Les familles ont adressé une lettre au responsable onusien mais aussi aux chefs d'Etat présents à New-York pour l'assemblée générale des Nations unies.

Le président vietnamien Nguyen Minh Triet, dont le pays occupe un siège non permanent du Conseil de sécurité de l'ONU, s'y trouve lui-même.

"Nous appelons de façon urgente le secrétaire général des Nations unies et les chefs d'Etat à intervenir directement auprès de Nguyen Minh Triet et à demander au gouvernement du Vietnam de respecter les conventions des Nations unies sur les droits de l'Homme", déclarent les familles.

Rappelant que leurs proches sont emprisonnés depuis environ un an, elles souhaitent que les dirigeants fassent pression sur le Vietnam pour qu'il "arrête la répression de dissidents politiques, respecte les droits de l'Homme et libère (leurs) proches".

"Les charges retenues contre nos proches sont celles de +propagande contre l'Etat+ (...), alors qu'ils ne se sont en fait exprimé qu'en faveur de la souveraineté territoriale du Vietnam et ont appelé à la liberté, la démocratie", poursuivent-elles.

La lettre a été diffusée par le groupe Viet Tan, basé aux Etats-Unis et qualifié de "terroriste" par Hanoï. Nguyen Thi Nga, la femme de l'un des détenus, l'écrivain Nguyen Xuan Nghia, a confirmé à l'AFP l'avoir signée avec les proches d'autres dissidents en attente de jugement.

Nguyen Xuan Nghia devait, selon sa famille et son avocat, être jugé cette semaine aux côtés de cinq autres dissidents dans la ville portuaire de Haïphong (nord-est). Mais l'avocat a indiqué avoir été informé mardi du report du procès en raison du mauvais état de santé d'un accusé.

Les procès de deux autres militants qui devaient se tenir à Hanoï jeudi et vendredi ont aussi été reportés à la dernière minute. Leurs femmes ont précisé avoir signé l'appel à Ban Ki-moon.

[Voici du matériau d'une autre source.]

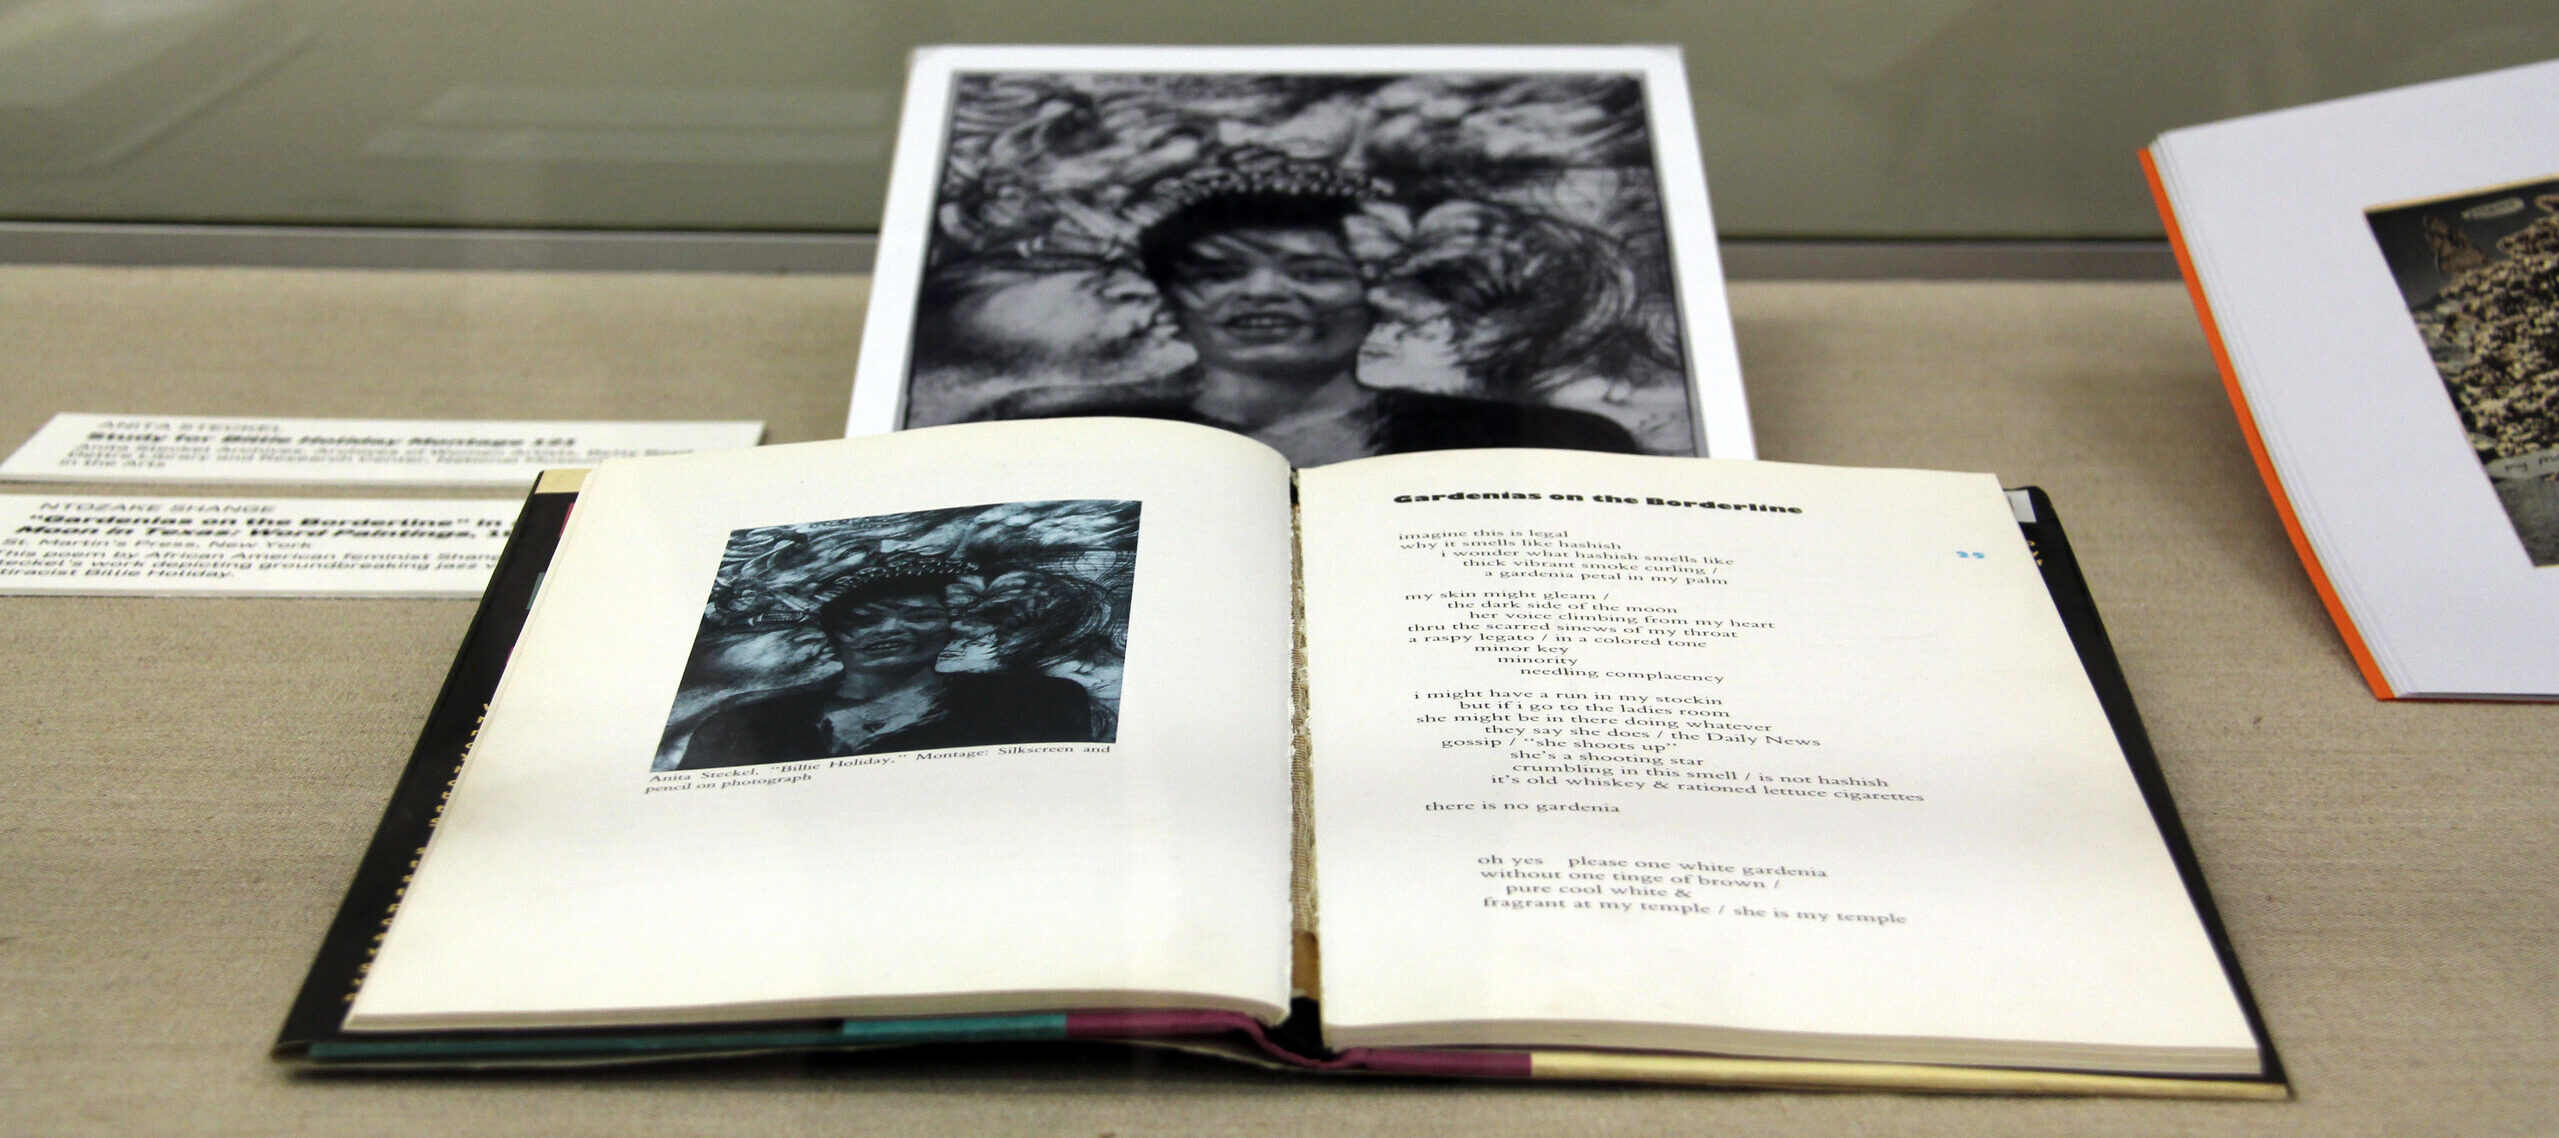 A book is lying in a glass case. The book shows text and a black-and-white photographic portrait of a woman's face.

Qualifiant ces détenus de "prisonniers de conscience", Amnesty international a appelé jeudi Hanoï a respecter ses engagements en matière de droits de l'Homme.

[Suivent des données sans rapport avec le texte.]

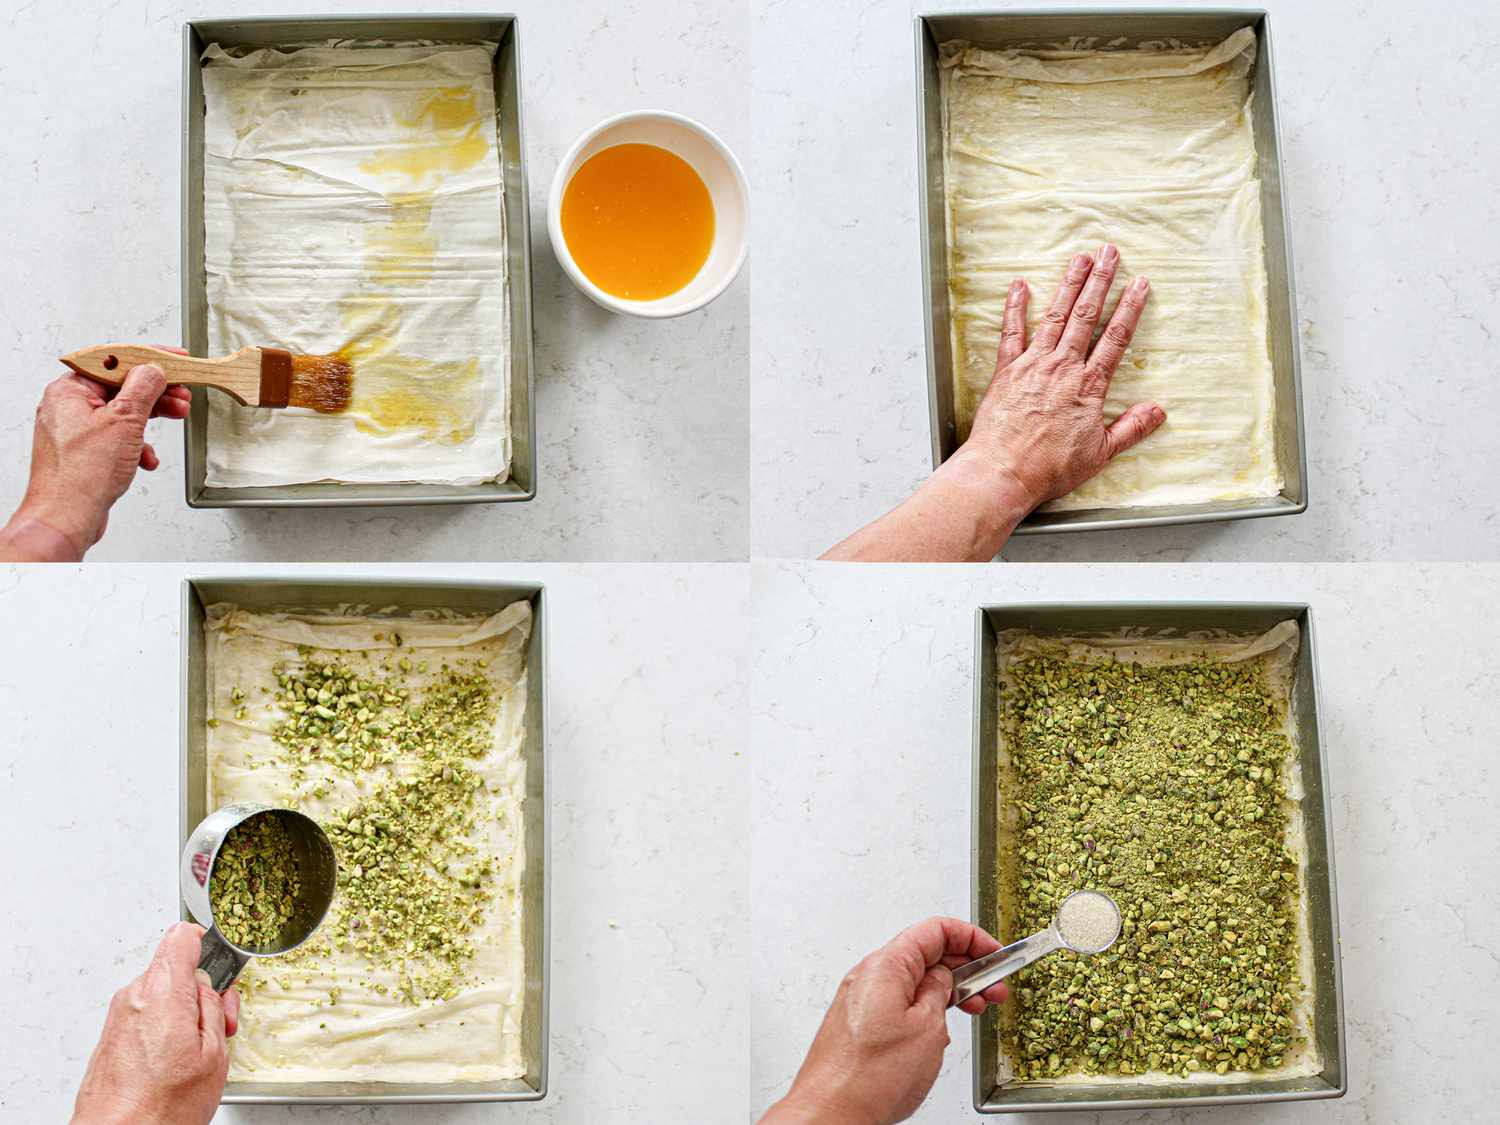 Four image collage of constructing baklava

Le groupe de défense des droits de l'Homme a en outre dénoncé une augmentation de la "répression" contre la dissidence pacifiste ces derniers mois dans le pays, notamment l'arrestation d'avocat, blogueurs - pour certains libérés depuis - et autres voix critiques.

Parmi eux figurent un avocat connu pour sa défense de confrères militants des droits de l'Homme, Le Cong Dinh, et un informaticien-blogueur formé en France, Nguyen Tien Trung, auquel, selon ses proches, ni la famille ni son avocat n'ont accès depuis début juillet.